Diabolorent napisał:Tak naprawdę na początku moje czaty przechodziły tylko po tablicach. Jak zwykle przecinają się gdziekolwiek.
Kiedy „pracuję” w ogrodzie warzywnym, przychodzą ze mną i obserwują wszystko, co robię
Leżą na słomie, ale nie drapią (jeszcze)!
Ze względu na małe łodygi pomidorów, po których chodzą, nie widząc ich, dlatego umieściłem te pudełka: to bardziej wizualne niż cokolwiek innego, ale i tak działa.
W ten weekend widzieliśmy na naszej ziemi gatunek ptaka, jakiego nigdy wcześniej nie widzieliśmy: Dudek!
Widziane przez lornetkę, ale nie miałem czasu zrobić zdjęcia, wygląda tak: huppe.fasciee.jpg
W przeciwnym razie mam nadzieję, że w kierunku mojego domu nie spadł grad, boję się, że mój ogród warzywny zostanie zniszczony
Jeśli ktoś w okolicy mógłby mi powiedzieć jaka była dzisiaj pogoda
Często (lub trochę) widać to na moich zdjęciach. Zawsze mam takiego, który też mnie obserwuje… co za garnek kleju.
ten z mojego awatara
Rzeczywiście nie mają pojęcia o ogrodzie i dlatego mogą chodzić wszędzie, pod warunkiem, że znajduje się to na poziomie gruntu, więc przesadzanie pomidorów jest na porządku dziennym.

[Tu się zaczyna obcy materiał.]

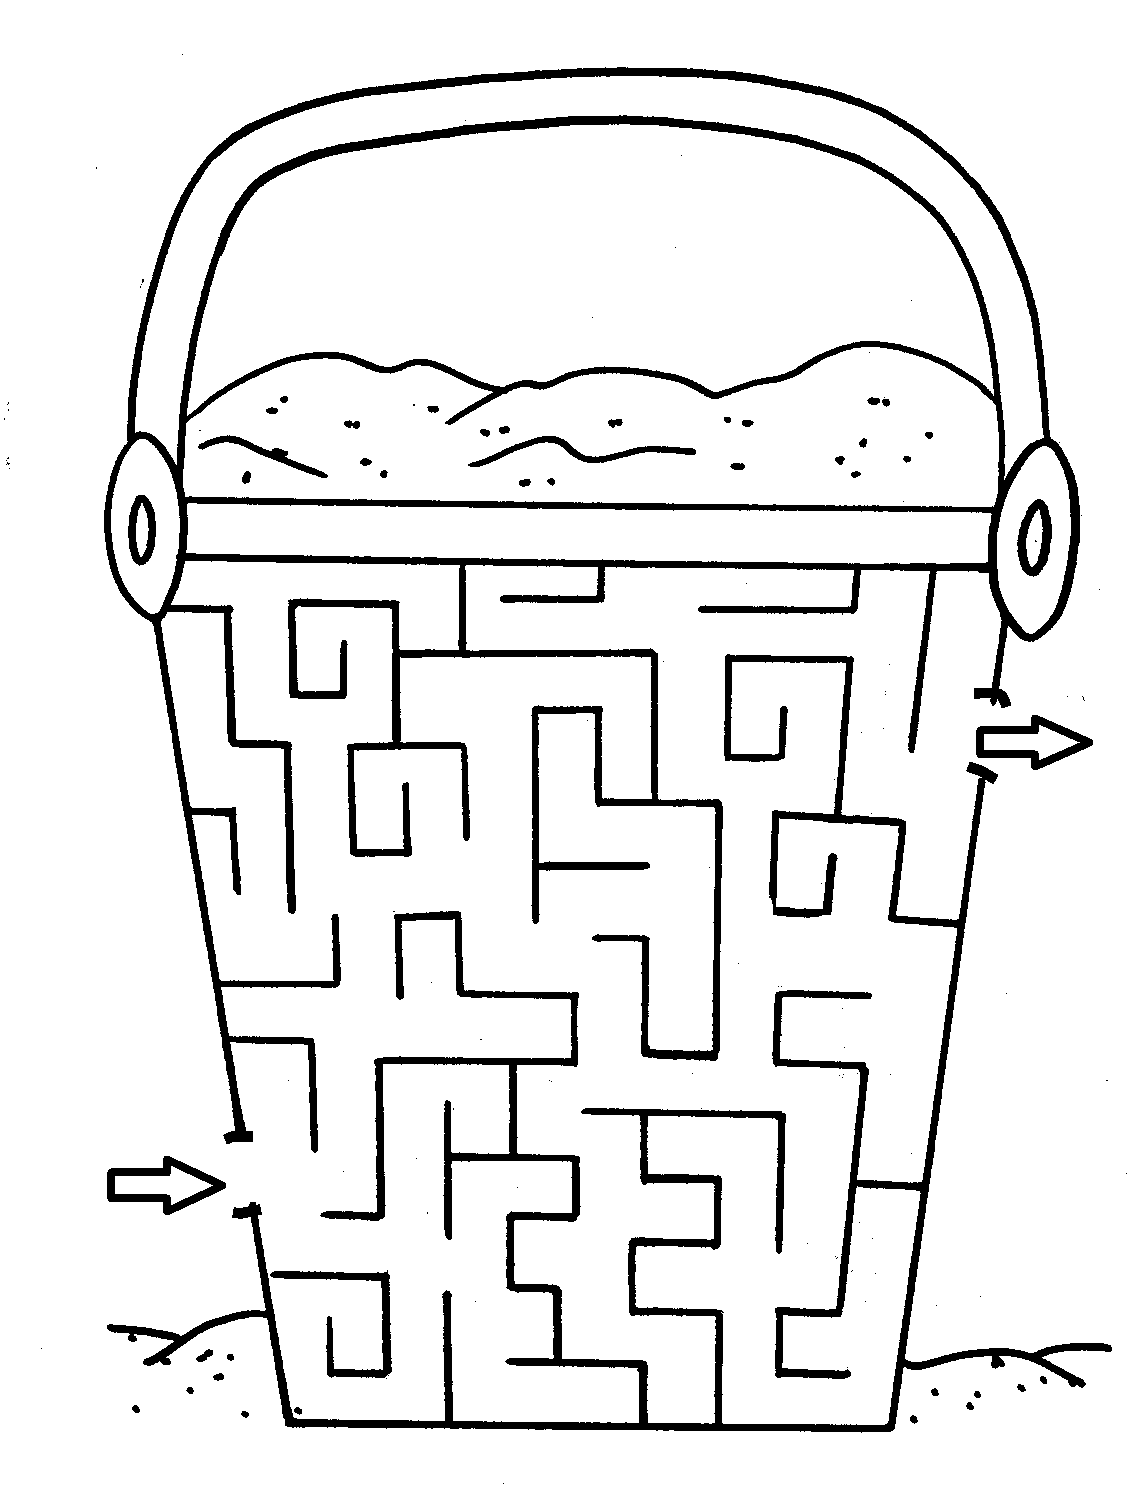 Printable Maze To Color | Free Coloring Pages - Part 4

Gdy tylko się podniesie, ryzyko, że wyrządzą jakiekolwiek szkody, jest niewielkie, w przeciwieństwie do psa, który nie robi tego celowo, ale więcej plądruje i jest mniej spostrzegawczy w stosunku do dużych roślin, przez co szaleje (no cóż, normalny pies nie chihuahua
.
Ale znowu, jeśli masz dobrą grubość USTAWIONEGO siana lub słomy: to znaczy oczywiście grubego, ale NIE zapakowanego.
Nie lubią chodzić po luźnym podłożu, np. 20 cm siana, w którym toną.

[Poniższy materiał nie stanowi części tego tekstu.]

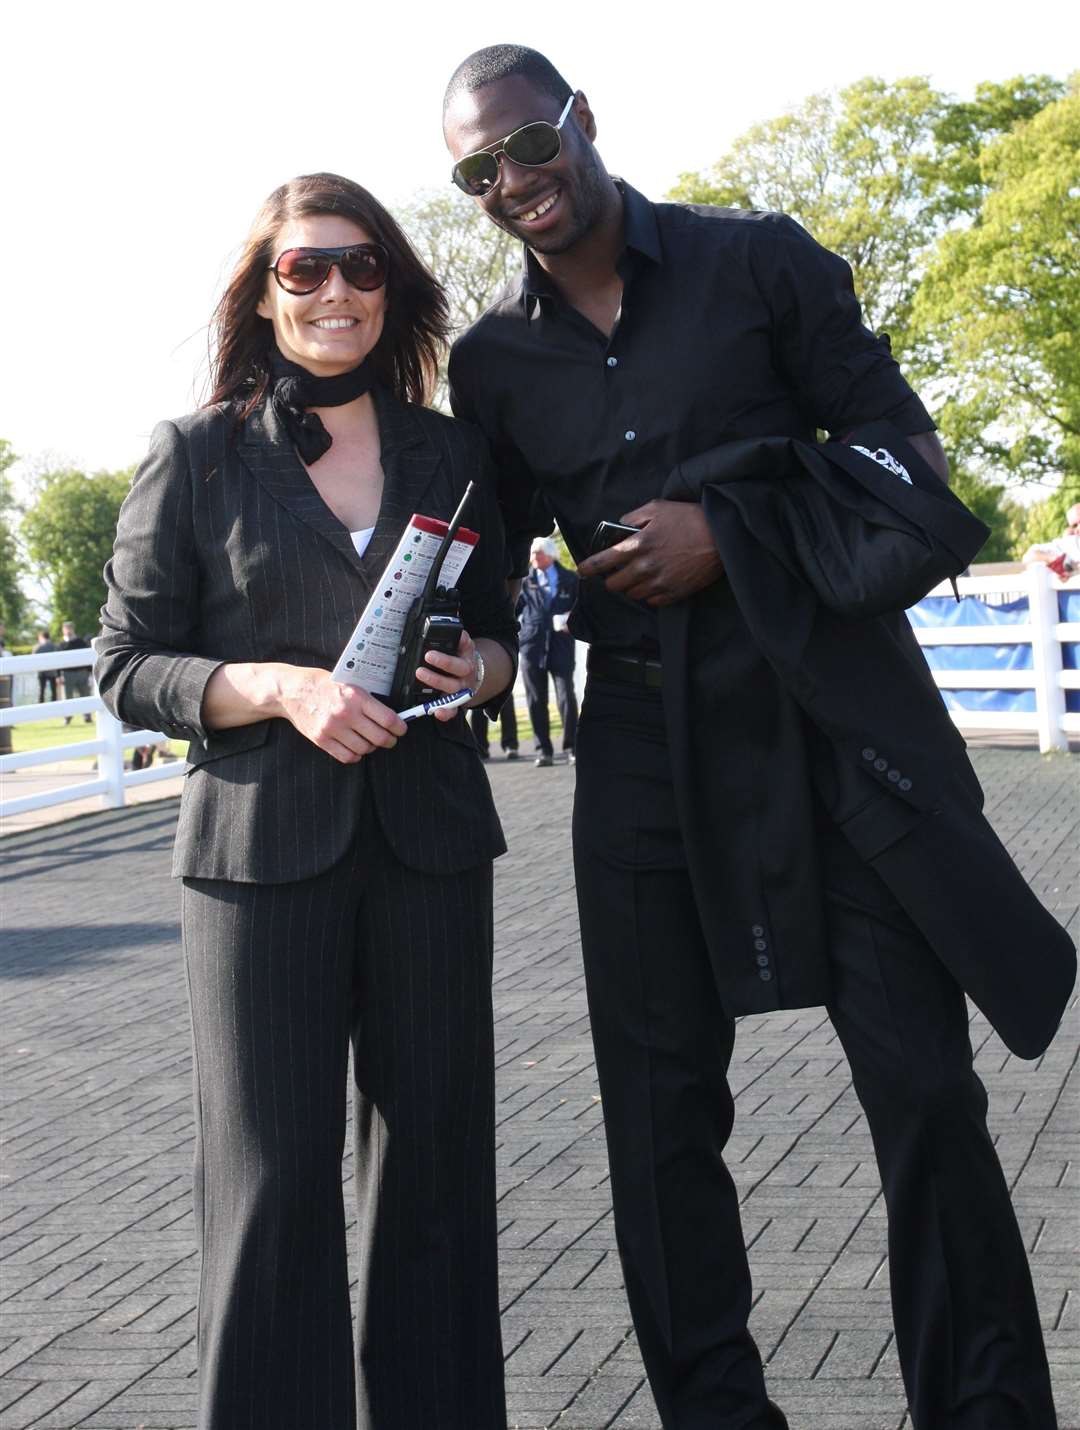 Racecourse manager Emma Santer and Tottenham Hotspur captain Ledley King at Folkestone Racecourse in May 2009. The centre-back was part-owner of fancied chestnut gelding 'King of Defence' - which finished third in the 4.30pm. Picture: Chris Denham

W Luberon było mnóstwo dudków.
Zrobiliśmy nawet zdjęcie telefonu 6 na tym samym przewodzie telefonicznym, ale nie mogliśmy znaleźć zdjęcia…
Jednak nigdy nie widziałem tutaj cienia jednego z nich.
Jeśli zaczną rosnąć w 04, dokąd pójdziemy?
A priori żadnego gradu dnia.
A co w przypadku gradu, który może spaść na bardzo mały obszar?